Please give back the listing below word for word, without the images.

SOURCE DATA ->
──────────────────────────────
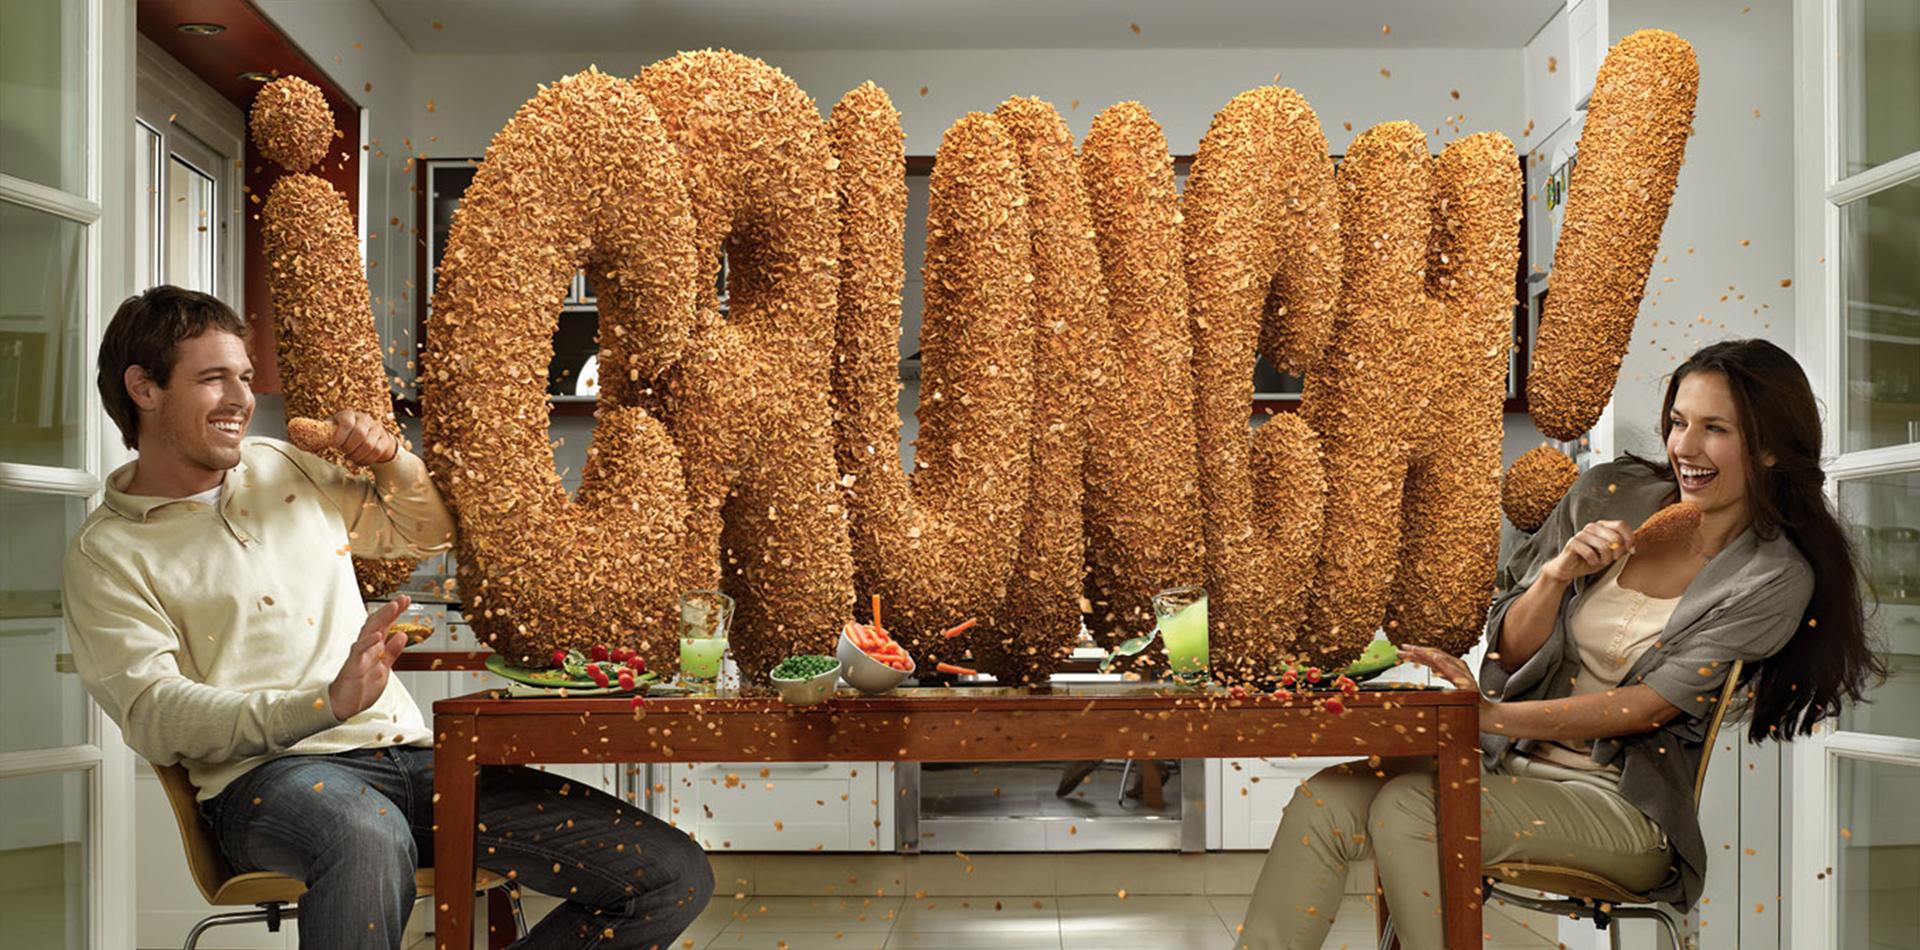 Bimbo Crunch
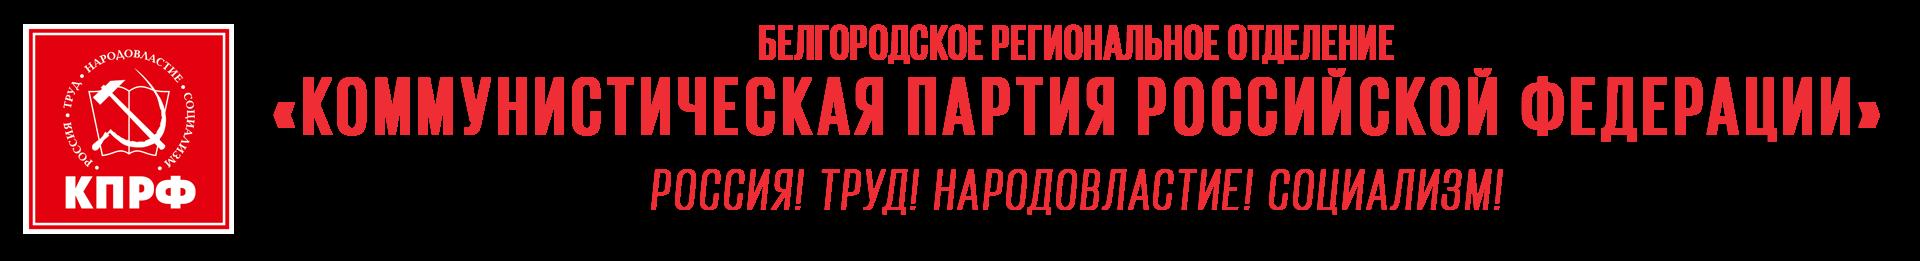 Белгородское региональное отделение КПРФ
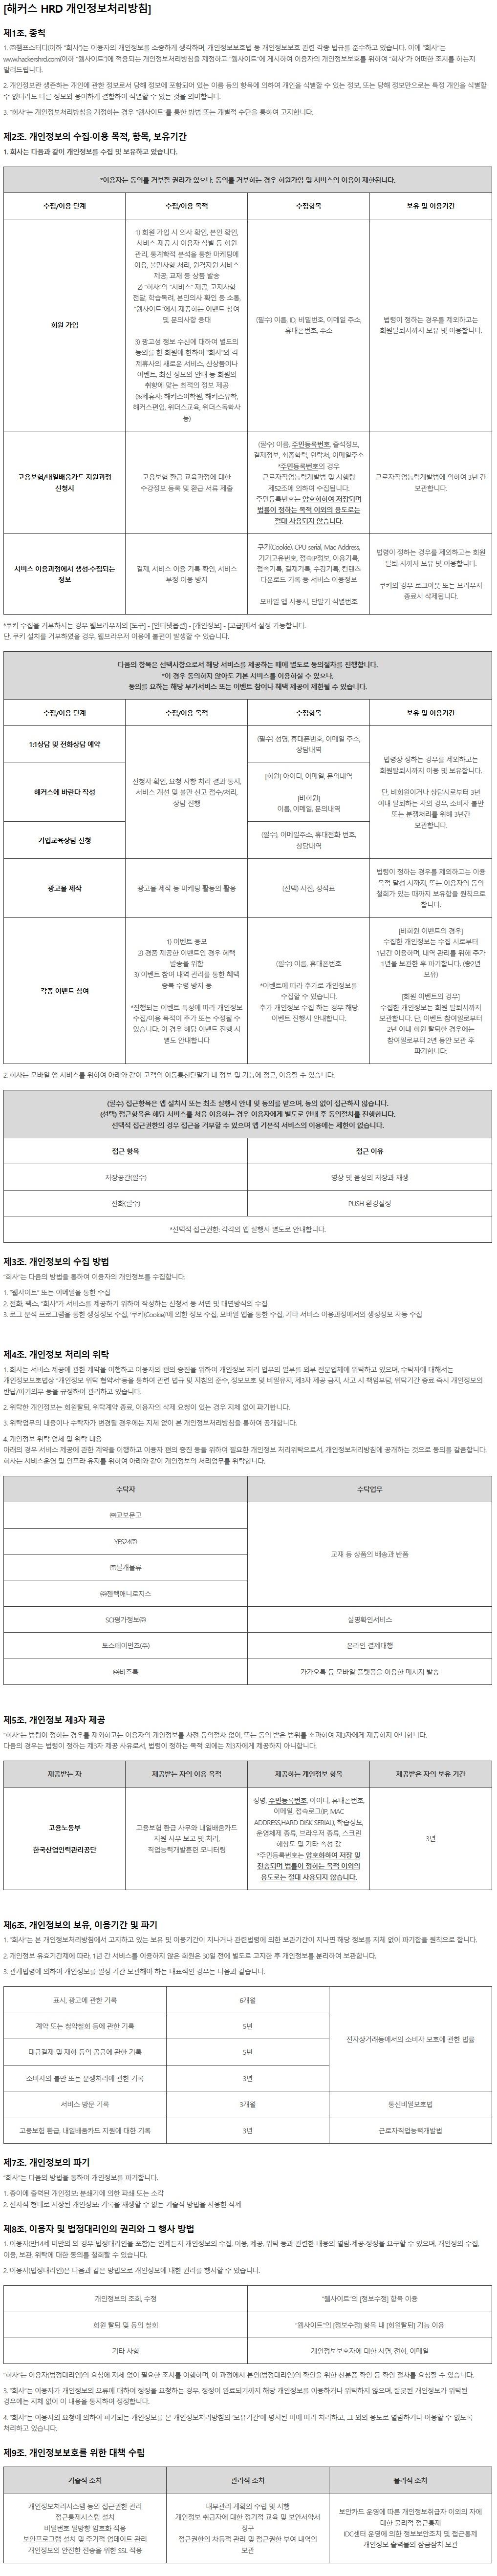 개인정보 수정.jpg
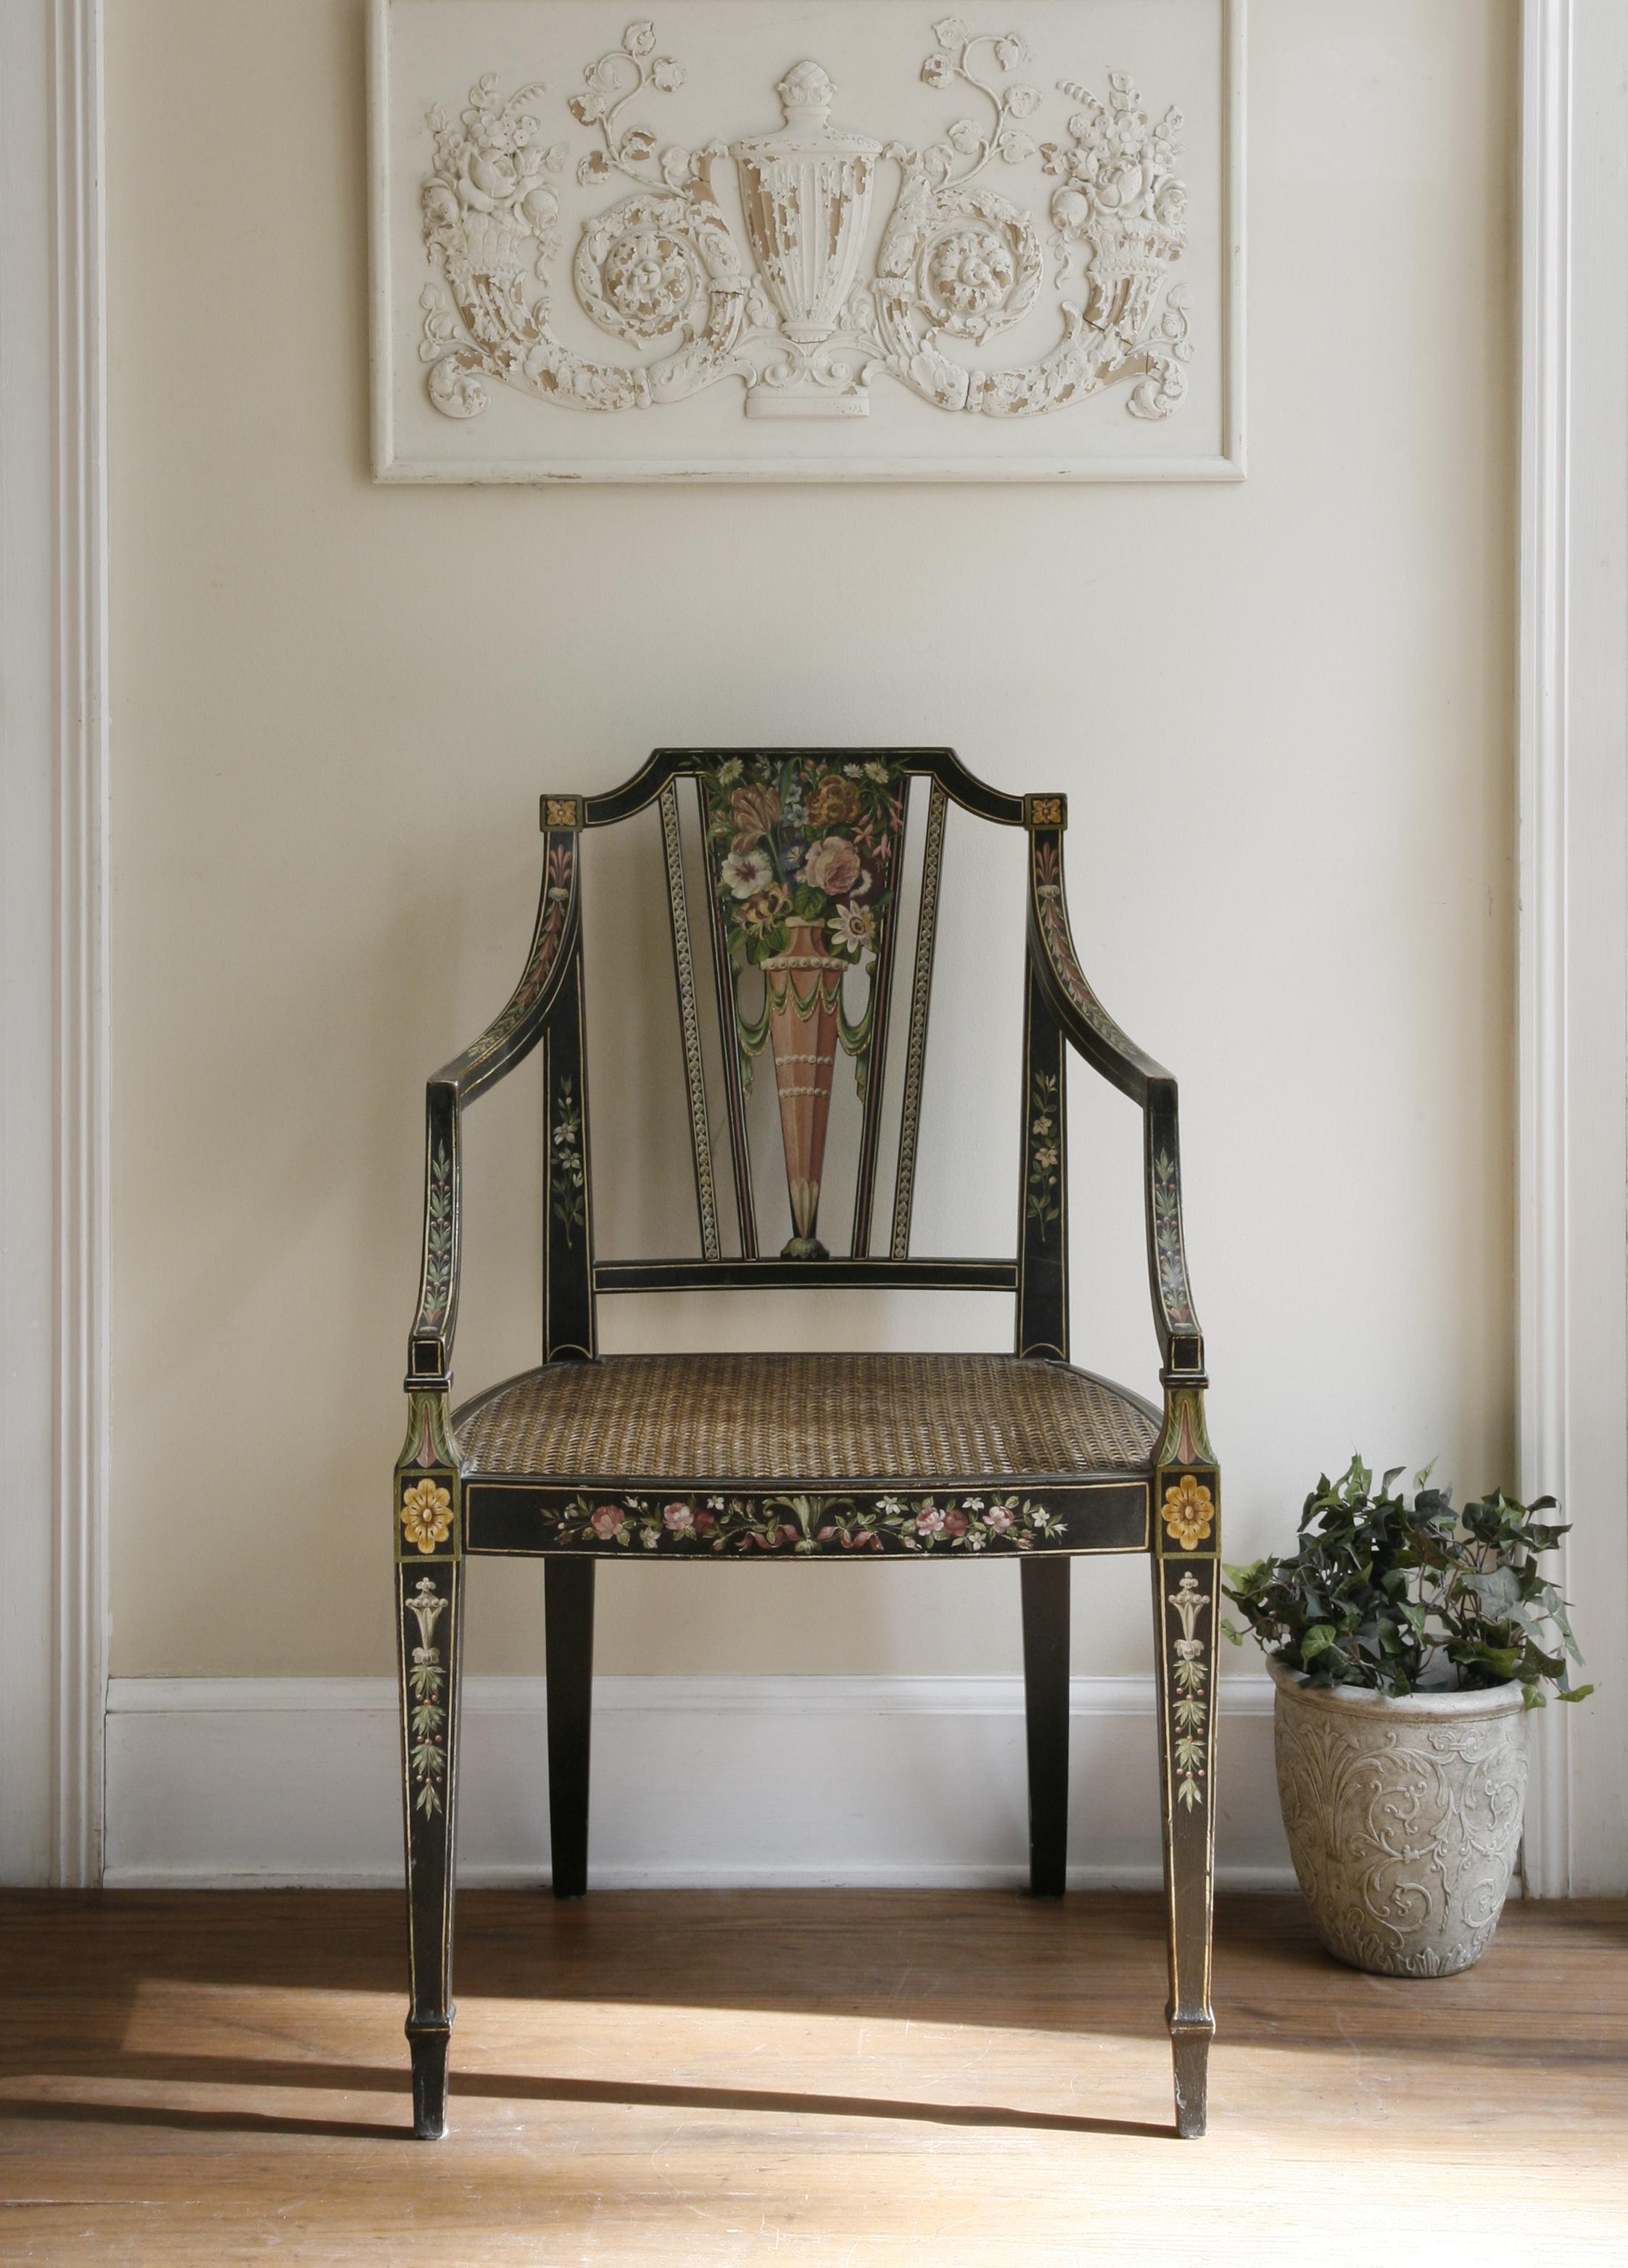 Thomas sheraton chair - Sheraton Armchair 6155 Wpl
──────────────────────────────
EXERCISE SOLUTION ->
 Bimbo Crunch
 Белгородское региональное отделение КПРФ
 개인정보 수정.jpg
 Thomas sheraton chair - Sheraton Armchair 6155 Wpl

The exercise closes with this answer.